======== Data segment

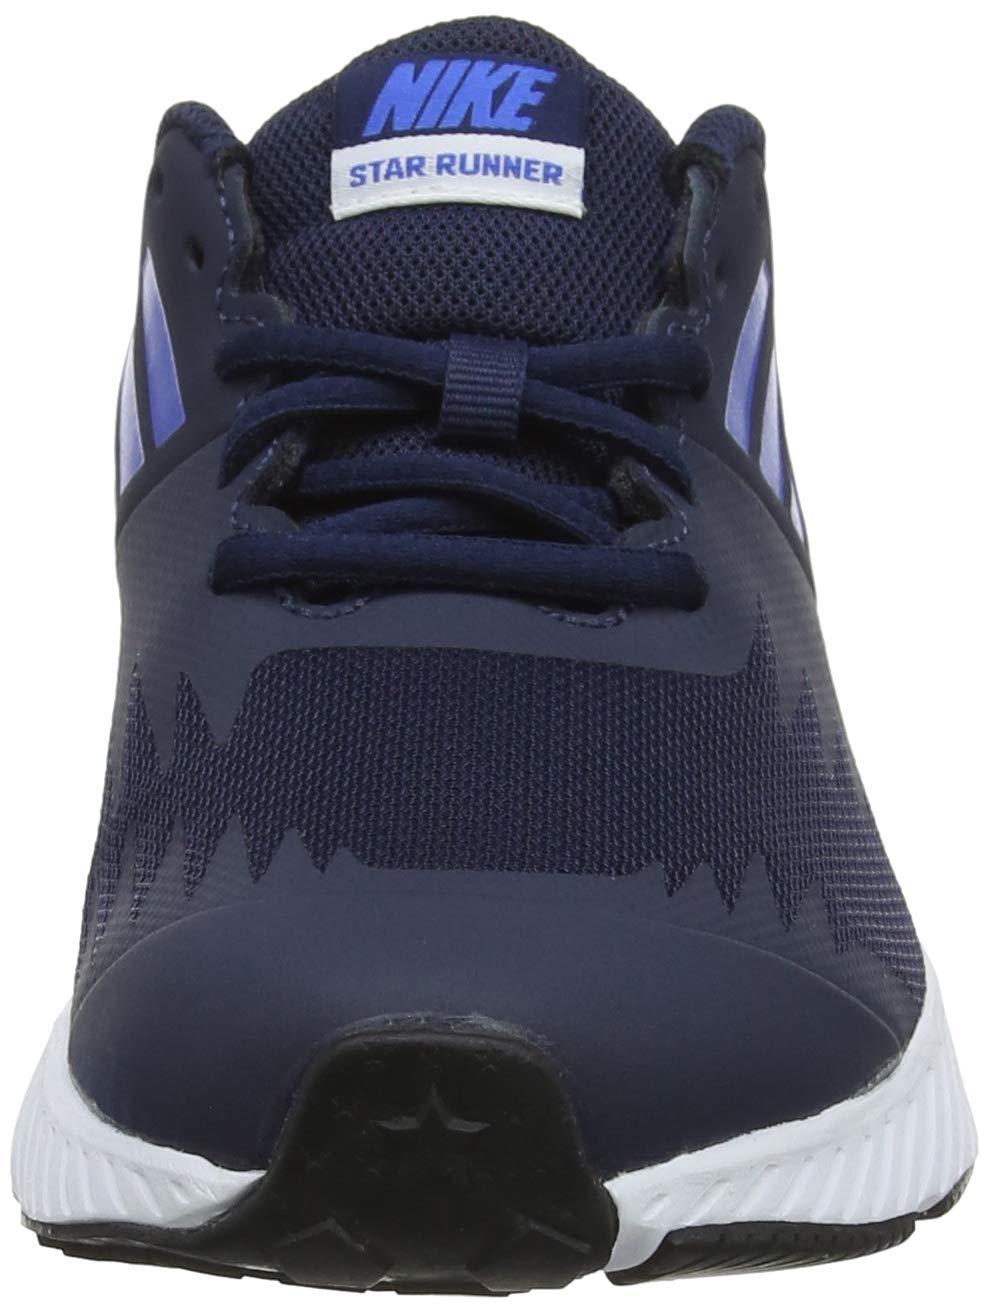 Nike Boy's Star Runner (GS) Running Shoe Obsidian/Metallic Silver/Signal Blue Size 3.5 M US by Nike (Image #4)
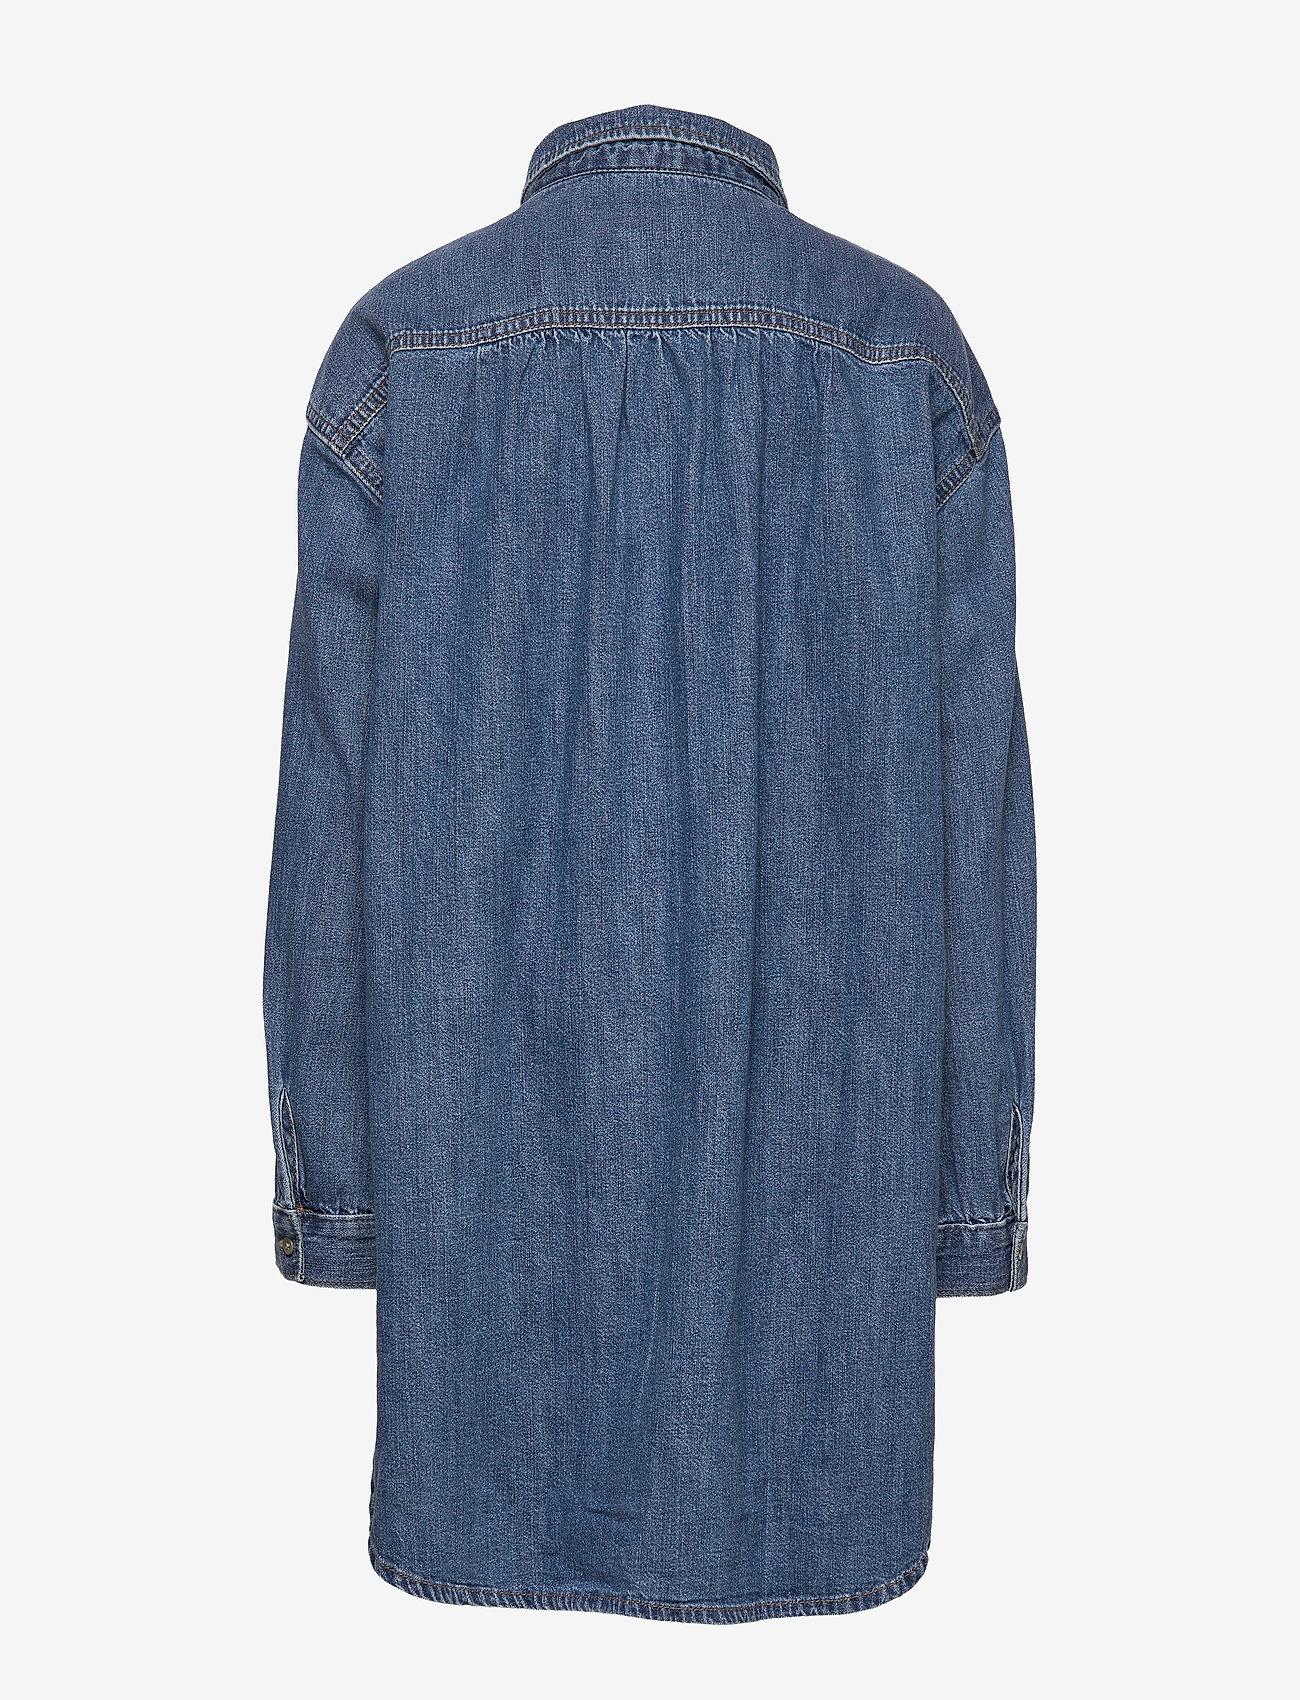 Kids Oversize Denim Shirt (Denim 616) (24.05 €) - GAP iokoc
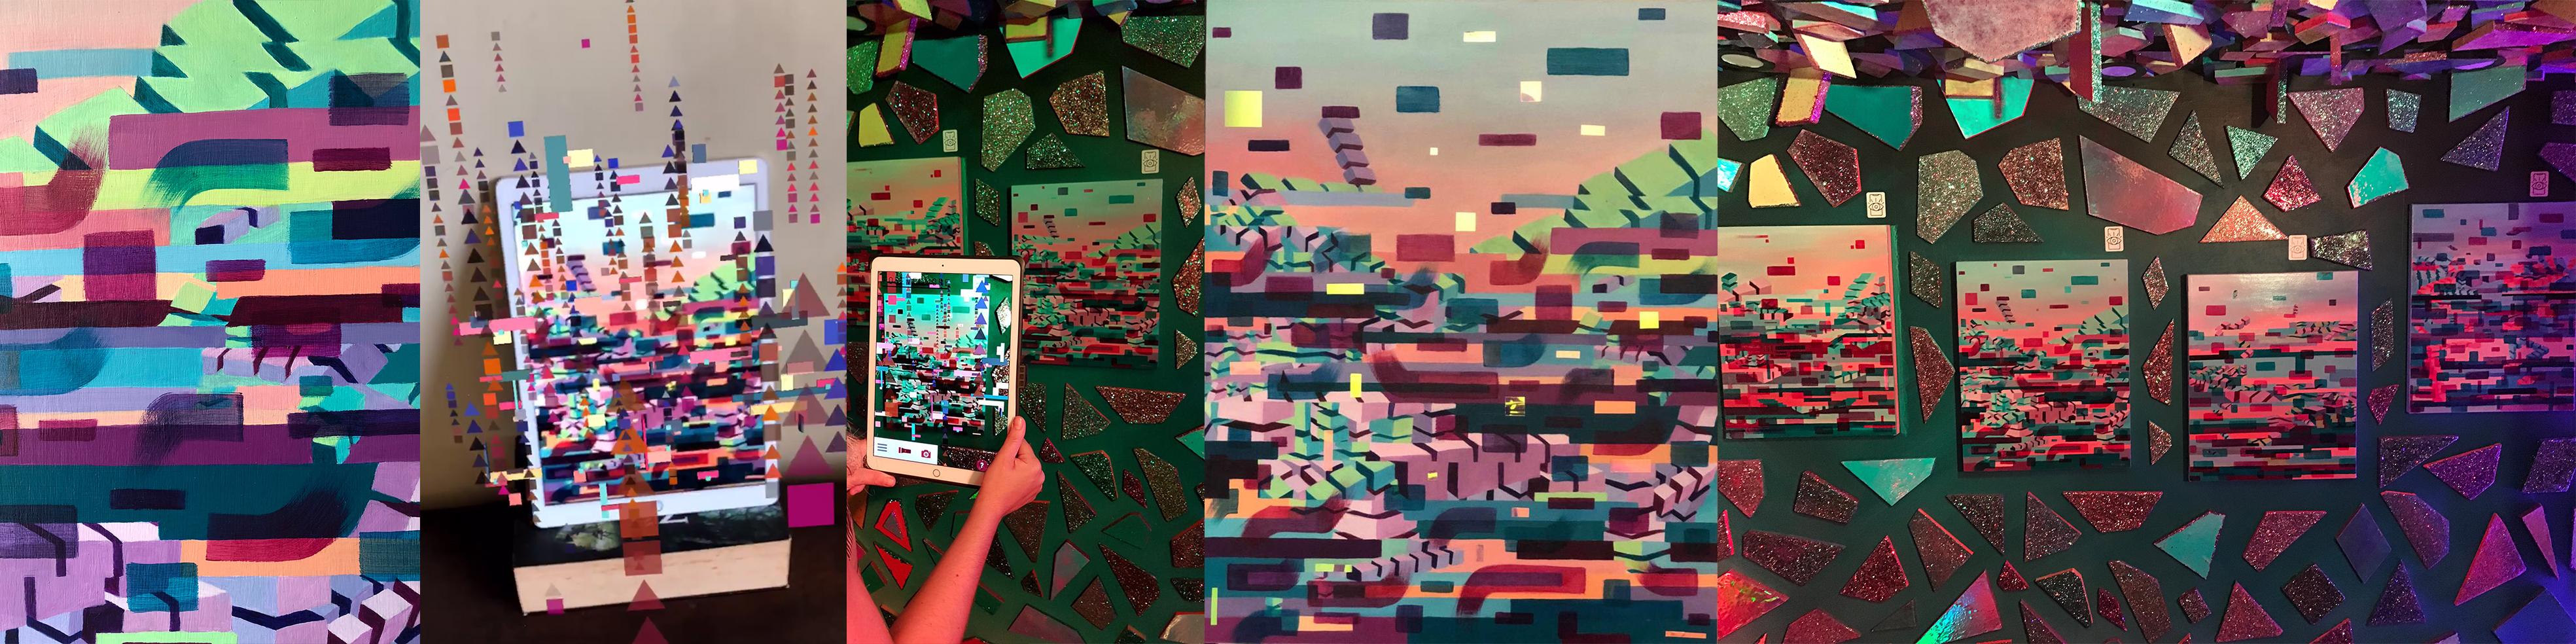 Artist in studio creative art process, Augmented Reality Art exhibition
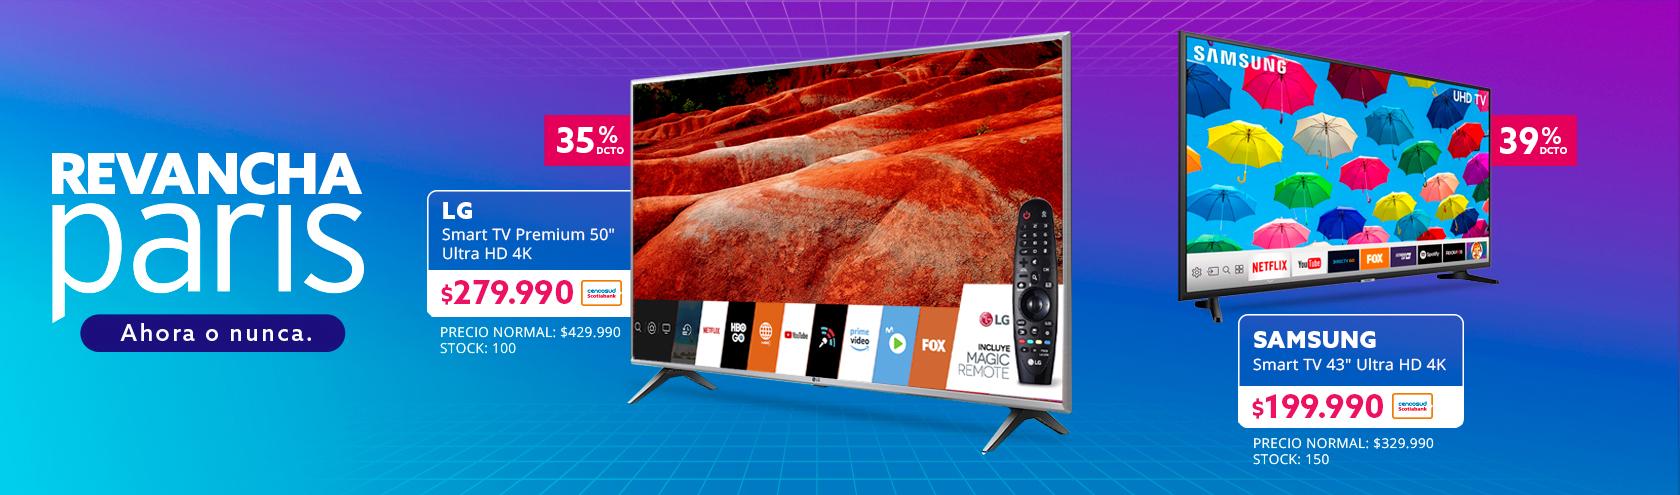 Smart TV Premium 50 pulgadas Ultra HD 4K 50UM7500 a $279.990 con Tarjeta Cencosud

================

Restate verbatim the lines that begin at the one holding "Artist in studio" and end at the last line of the material. Exclude pictures.

 Artist in studio creative art process, Augmented Reality Art exhibition
 Smart TV Premium 50 pulgadas Ultra HD 4K 50UM7500 a $279.990 con Tarjeta Cencosud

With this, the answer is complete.